At the small end, Mistral's Ministral-3-3B packs function calling and structured output into 3.4 billion parameters by designing the architecture around those tasks from day one. The architecture was shaped by the requirement to reliably produce structured output, not retrofitted to support it.

The pattern repeats across the 2026 landscape. Seven of the ten leading open models now use Mixture-of-Experts architectures, routing to specialized parameter subsets rather than throwing the full model at every token. For tool calling, this means the parameters responsible for schema adherence and argument extraction can be disproportionately skilled without inflating total model size. A well-trained 4B MoE can dedicate a larger fraction of its active parameters to structured output than a dense 20B model where those capabilities compete for capacity with poetry generation and trivia recall.

The Frontier Ceiling

At the top of the leaderboard, tool calling is essentially solved. Gemini 3.1 Pro, Claude Opus 4.6, and LongCat-Flash-Thinking all cluster at 99.3% on the Berkeley Function Calling Leaderboard. But drop to local inference and the spread runs from 97.5% down to 15% — on the same hardware, through the same server. The capability is fragile in ways that clean API benchmarks never reveal.

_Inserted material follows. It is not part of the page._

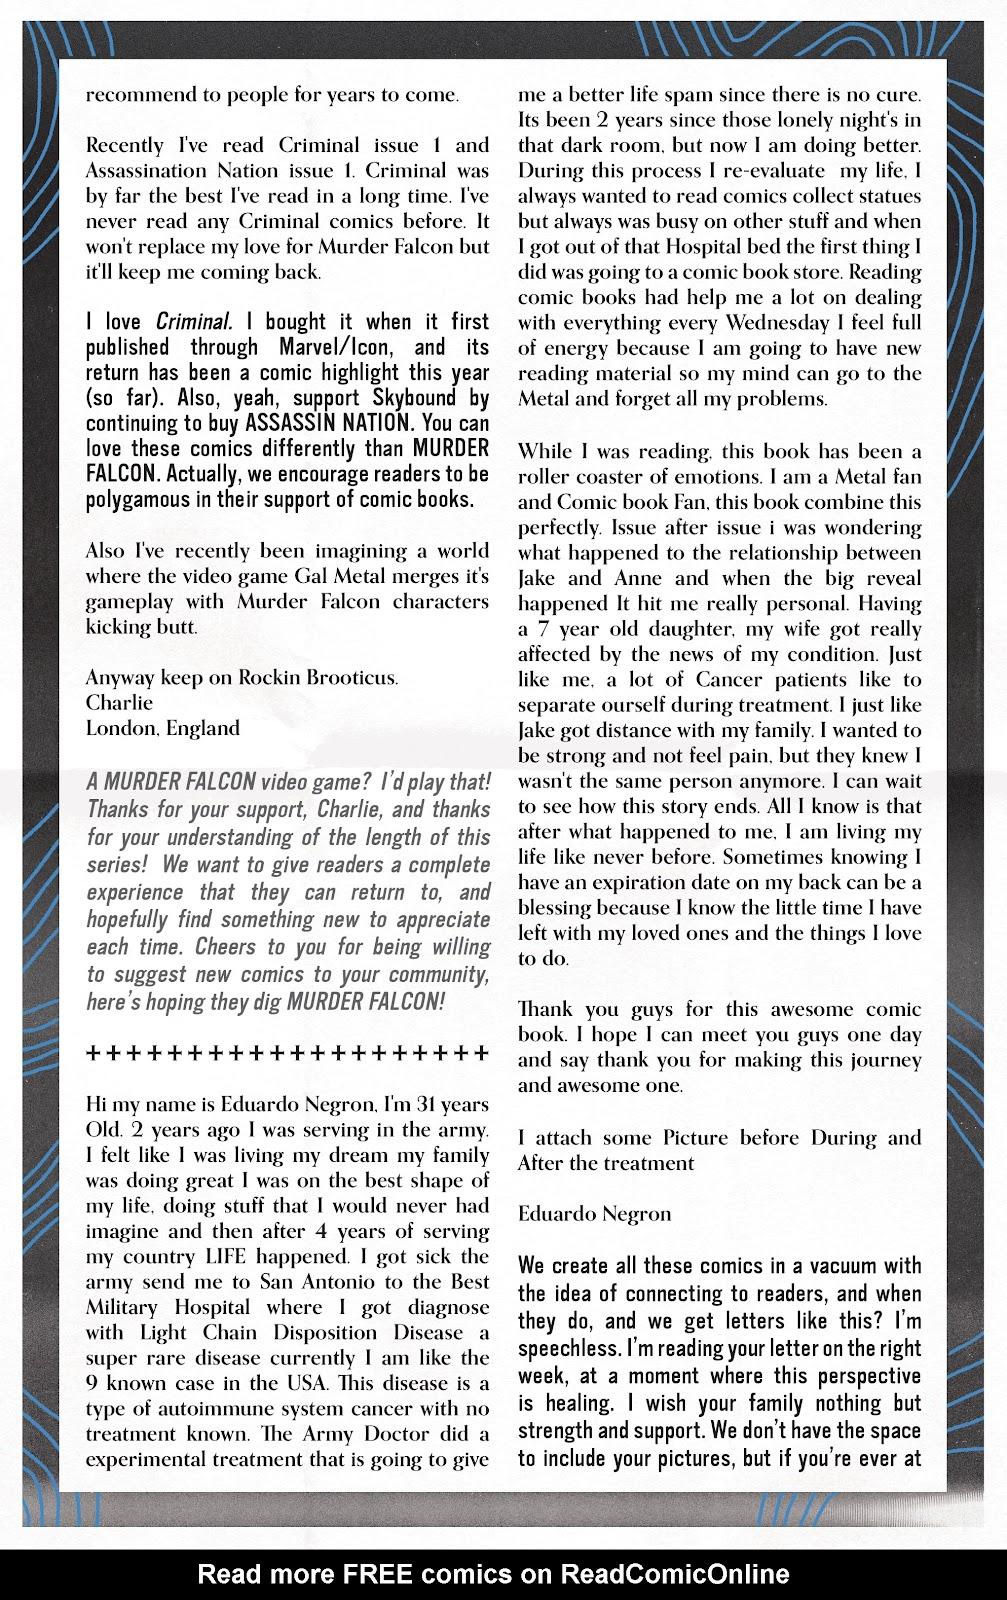 Read online Murder Falcon comic -  Issue #8 - 28

What This Means for Your Agent Stack

Three takeaways from the data.

Evaluate at your actual deployment conditions. Run benchmarks at your quantization level, through your inference server, with your tool schemas. A model scoring 95% on the vendor's native API might drop to 60% through Ollama with Q4 quantization. The eval that matters is the one running on your hardware, not the one on the vendor's blog.

Test sequential reasoning separately from parallel dispatch. If your agent chains tools — and most production agents do — you need evals that specifically test dependent calls. A model that parallelizes everything will ace single-call benchmarks and quietly corrupt multi-step pipelines where order matters.

General instruction-following beats narrow specialization right now. The purpose-built tool-calling models underperforming general-purpose ones is probably a compatibility story, not a capability story. But until inference servers mature their template handling, the safest local choice is a model with strong general instruction following and solid structured output support — not a specialist that falls apart when your inference stack deviates from the training setup.

The framework wars get all the conference talks. But the model sitting inside your agent — the thing deciding which tool to call, which argument to pass, and whether to wait for results — that's where the real variance lives. And right now, the variance is staggering.